EXERCISE INSTRUCTIONS.
Everything from the line containing "war on terrorism service medal" to the end of the records must be restated word for word, and nothing else.

DATASET RECORDS.
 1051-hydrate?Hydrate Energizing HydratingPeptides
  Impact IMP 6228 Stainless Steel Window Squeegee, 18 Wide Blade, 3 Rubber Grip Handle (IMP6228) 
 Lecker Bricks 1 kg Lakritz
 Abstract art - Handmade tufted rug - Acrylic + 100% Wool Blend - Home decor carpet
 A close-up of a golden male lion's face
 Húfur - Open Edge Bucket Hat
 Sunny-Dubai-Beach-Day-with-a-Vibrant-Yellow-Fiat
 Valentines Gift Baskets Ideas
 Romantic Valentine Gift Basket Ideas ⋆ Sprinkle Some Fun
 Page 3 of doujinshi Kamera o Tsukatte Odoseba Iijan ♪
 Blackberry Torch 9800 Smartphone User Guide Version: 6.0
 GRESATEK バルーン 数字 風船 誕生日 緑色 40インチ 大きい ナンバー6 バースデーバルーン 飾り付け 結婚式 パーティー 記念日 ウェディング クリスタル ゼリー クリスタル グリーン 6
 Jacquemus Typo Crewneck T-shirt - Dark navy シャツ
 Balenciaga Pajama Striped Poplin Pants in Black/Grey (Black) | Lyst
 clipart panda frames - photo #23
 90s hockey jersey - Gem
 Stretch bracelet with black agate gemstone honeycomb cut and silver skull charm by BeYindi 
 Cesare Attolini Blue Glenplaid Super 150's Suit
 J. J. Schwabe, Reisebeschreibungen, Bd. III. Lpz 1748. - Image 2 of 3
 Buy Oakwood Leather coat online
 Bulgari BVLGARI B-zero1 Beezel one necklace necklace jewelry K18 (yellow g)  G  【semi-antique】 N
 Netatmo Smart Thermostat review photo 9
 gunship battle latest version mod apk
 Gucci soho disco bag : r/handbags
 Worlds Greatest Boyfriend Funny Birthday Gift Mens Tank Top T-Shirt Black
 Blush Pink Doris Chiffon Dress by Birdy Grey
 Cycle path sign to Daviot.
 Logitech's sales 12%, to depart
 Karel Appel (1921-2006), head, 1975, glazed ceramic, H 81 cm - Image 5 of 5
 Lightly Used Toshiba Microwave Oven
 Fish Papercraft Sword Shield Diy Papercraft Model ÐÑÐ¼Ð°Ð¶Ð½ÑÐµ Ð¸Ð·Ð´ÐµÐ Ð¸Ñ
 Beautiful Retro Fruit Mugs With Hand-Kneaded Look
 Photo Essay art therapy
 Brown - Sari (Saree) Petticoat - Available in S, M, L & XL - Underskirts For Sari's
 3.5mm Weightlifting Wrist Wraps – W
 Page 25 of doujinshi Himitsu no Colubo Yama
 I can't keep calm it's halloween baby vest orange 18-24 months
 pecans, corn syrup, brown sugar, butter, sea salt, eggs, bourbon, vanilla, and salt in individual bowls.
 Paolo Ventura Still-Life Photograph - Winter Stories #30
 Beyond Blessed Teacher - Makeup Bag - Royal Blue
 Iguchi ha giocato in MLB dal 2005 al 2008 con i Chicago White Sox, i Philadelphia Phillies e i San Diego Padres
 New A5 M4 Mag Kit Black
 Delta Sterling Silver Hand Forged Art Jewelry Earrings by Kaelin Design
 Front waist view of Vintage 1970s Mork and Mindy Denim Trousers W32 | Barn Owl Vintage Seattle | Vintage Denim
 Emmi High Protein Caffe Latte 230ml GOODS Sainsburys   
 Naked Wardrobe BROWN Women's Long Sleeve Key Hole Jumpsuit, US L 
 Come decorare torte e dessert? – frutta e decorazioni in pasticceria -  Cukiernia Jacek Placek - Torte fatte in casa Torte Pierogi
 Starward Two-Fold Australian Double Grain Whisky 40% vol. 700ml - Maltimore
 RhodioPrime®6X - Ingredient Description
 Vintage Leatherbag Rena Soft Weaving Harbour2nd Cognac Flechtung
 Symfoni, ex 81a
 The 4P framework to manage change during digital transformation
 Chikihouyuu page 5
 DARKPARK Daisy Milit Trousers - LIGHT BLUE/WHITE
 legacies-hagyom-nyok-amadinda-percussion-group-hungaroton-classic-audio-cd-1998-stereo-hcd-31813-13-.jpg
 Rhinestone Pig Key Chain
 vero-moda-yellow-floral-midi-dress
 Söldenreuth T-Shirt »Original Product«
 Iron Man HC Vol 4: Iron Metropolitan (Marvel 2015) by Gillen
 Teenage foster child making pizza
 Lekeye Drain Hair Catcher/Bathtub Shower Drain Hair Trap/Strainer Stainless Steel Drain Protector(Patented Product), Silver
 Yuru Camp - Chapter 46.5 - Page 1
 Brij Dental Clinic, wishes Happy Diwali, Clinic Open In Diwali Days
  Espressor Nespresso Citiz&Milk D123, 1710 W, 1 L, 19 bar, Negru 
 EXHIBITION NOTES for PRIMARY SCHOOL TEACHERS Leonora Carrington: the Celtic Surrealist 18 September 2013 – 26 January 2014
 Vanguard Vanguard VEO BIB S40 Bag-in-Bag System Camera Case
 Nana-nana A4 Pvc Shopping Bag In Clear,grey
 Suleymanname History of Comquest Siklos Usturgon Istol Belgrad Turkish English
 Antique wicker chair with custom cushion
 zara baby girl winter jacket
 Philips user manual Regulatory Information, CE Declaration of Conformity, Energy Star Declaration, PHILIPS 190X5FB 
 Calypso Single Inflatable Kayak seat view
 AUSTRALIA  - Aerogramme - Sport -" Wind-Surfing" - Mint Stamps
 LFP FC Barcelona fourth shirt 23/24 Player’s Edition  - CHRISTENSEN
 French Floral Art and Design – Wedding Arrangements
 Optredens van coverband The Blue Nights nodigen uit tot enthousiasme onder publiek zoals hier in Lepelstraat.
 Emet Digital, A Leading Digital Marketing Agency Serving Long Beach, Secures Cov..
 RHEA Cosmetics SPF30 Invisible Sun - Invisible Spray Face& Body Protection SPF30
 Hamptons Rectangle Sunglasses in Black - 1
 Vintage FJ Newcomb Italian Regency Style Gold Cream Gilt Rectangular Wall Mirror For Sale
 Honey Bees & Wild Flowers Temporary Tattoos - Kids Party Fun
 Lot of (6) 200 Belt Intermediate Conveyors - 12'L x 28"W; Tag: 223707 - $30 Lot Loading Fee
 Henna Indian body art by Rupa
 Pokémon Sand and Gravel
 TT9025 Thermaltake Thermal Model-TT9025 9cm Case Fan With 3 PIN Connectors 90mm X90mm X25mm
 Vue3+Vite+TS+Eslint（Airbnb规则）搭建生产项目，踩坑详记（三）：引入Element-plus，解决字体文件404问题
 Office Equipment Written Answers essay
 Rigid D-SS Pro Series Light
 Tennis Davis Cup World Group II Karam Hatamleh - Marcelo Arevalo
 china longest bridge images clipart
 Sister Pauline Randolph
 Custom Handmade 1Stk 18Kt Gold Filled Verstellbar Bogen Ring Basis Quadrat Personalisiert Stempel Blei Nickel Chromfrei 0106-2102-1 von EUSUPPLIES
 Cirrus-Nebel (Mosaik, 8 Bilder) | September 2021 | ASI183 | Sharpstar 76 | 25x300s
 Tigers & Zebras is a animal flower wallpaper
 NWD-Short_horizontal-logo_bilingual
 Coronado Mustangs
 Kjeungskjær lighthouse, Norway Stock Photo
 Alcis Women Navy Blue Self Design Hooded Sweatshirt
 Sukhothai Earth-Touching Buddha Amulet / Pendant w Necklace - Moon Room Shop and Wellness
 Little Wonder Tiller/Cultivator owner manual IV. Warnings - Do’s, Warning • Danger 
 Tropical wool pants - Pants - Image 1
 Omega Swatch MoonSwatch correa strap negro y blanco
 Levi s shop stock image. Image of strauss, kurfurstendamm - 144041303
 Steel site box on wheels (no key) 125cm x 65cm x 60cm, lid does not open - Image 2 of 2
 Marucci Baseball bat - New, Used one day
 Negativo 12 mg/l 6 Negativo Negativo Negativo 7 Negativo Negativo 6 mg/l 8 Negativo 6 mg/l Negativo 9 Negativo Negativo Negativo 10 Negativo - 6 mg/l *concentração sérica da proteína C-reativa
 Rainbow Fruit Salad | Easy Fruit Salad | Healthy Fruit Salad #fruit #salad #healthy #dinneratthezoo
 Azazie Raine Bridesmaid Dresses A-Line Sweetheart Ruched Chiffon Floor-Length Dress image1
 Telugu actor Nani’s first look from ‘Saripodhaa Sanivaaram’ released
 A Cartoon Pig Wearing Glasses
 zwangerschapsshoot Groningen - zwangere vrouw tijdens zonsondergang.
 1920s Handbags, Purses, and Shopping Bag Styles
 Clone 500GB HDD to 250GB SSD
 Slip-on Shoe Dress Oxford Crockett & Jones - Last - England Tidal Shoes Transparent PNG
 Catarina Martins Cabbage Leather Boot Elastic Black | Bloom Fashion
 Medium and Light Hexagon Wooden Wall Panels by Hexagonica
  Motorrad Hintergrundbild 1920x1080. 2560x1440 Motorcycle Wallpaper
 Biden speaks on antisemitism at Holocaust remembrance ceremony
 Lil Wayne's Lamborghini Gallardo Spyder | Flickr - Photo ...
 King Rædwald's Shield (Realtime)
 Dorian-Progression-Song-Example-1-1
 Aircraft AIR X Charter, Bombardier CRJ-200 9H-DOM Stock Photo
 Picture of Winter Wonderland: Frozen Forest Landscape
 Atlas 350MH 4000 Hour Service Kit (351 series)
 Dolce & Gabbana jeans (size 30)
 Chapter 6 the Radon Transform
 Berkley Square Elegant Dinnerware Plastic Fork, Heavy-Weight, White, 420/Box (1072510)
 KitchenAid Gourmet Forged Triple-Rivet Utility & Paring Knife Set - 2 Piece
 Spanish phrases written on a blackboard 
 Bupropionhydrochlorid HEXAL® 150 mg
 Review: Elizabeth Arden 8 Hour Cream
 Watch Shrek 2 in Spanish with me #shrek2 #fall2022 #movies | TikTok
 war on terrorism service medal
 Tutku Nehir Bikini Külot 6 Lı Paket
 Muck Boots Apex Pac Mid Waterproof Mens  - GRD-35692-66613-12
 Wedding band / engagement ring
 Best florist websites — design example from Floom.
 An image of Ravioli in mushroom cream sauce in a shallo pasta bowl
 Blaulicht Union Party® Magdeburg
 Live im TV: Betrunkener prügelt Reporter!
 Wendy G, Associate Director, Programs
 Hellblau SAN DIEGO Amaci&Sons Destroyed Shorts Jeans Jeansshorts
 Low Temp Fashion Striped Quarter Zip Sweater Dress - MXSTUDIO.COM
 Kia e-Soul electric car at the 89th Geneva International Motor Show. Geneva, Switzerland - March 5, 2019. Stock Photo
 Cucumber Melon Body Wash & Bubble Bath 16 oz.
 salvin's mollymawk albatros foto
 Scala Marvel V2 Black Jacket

ANSWER SECTION.
 war on terrorism service medal
 Tutku Nehir Bikini Külot 6 Lı Paket
 Muck Boots Apex Pac Mid Waterproof Mens  - GRD-35692-66613-12
 Wedding band / engagement ring
 Best florist websites — design example from Floom.
 An image of Ravioli in mushroom cream sauce in a shallo pasta bowl
 Blaulicht Union Party® Magdeburg
 Live im TV: Betrunkener prügelt Reporter!
 Wendy G, Associate Director, Programs
 Hellblau SAN DIEGO Amaci&Sons Destroyed Shorts Jeans Jeansshorts
 Low Temp Fashion Striped Quarter Zip Sweater Dress - MXSTUDIO.COM
 Kia e-Soul electric car at the 89th Geneva International Motor Show. Geneva, Switzerland - March 5, 2019. Stock Photo
 Cucumber Melon Body Wash & Bubble Bath 16 oz.
 salvin's mollymawk albatros foto
 Scala Marvel V2 Black Jacket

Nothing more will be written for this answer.